Question

The correct order for decreasing atomic radius of the five atoms H, Br, I, He, S is:
A.I > Br > S > He > H
B.I > S > Br > H > He
C.I > S > Br >He > H
D.Br > I > S > He > H

Answer 1

Hint: To solve these types of questions you should know about the properties of groups and periodic table periods, e.g. where the size, radius, etc. decreases or increases from.

Complete answer:
As we know, that an atom gets larger as it’s the number of shells increases .
Therefore the radius of atoms increases as you go down a certain group in the periodic table of elements.
As per for the periods, when we move left to right in a particular period the size of an atom decreases.
So, according to this concept, I and Br belong to the halogen family of the 4th and 5th period so they are larger in atomic size, S belongs to the 3rd period and group 16, He is a noble gas with two electrons and similar in size but H with one electron is of least atomic size.
Therefore the decreasing order of atomic radius is I >Br >S >He >H
Hence, Option A is correct which is I >Br >S >He >H.
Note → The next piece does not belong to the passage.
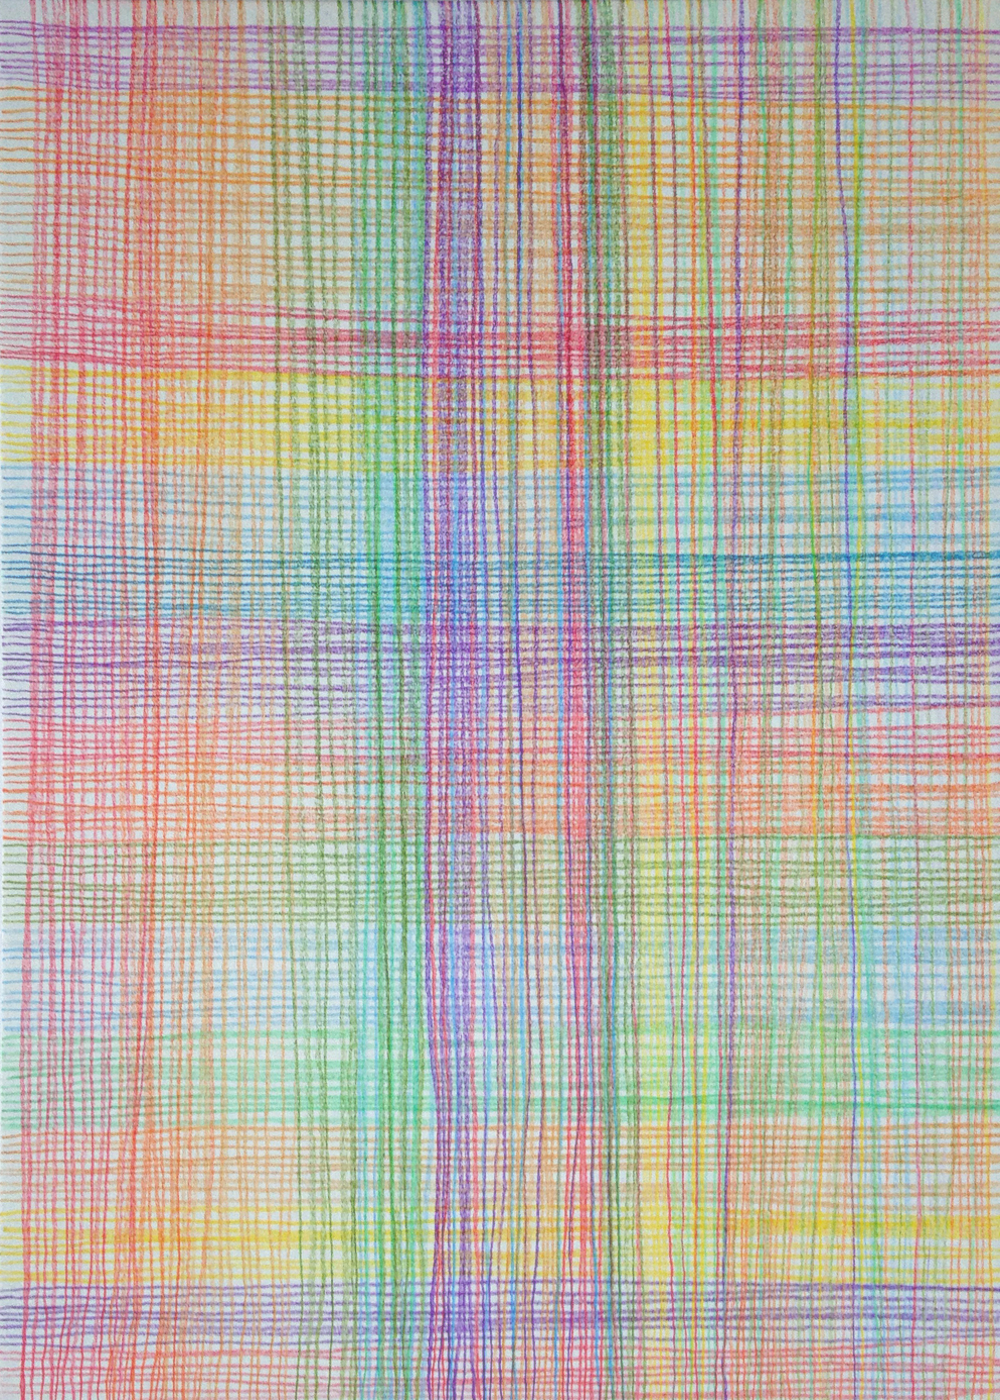 simone hamann_strings_textile9_12,7 x 17,7 colorpencil on card 2015

NOTE: Option B, C, D is wrong because the elements of 4th and 5th period are larger in size of atomic radius as compared to period 3rd and helium which is a noble gas and hydrogen with only one electron in its shell, as the force of attraction increases between nuclei and electrons the size of the atoms decreases. The effect decreases when one travels further to the right in a time due to repulsions from the electron-electron which otherwise would cause the size of the atom to increase.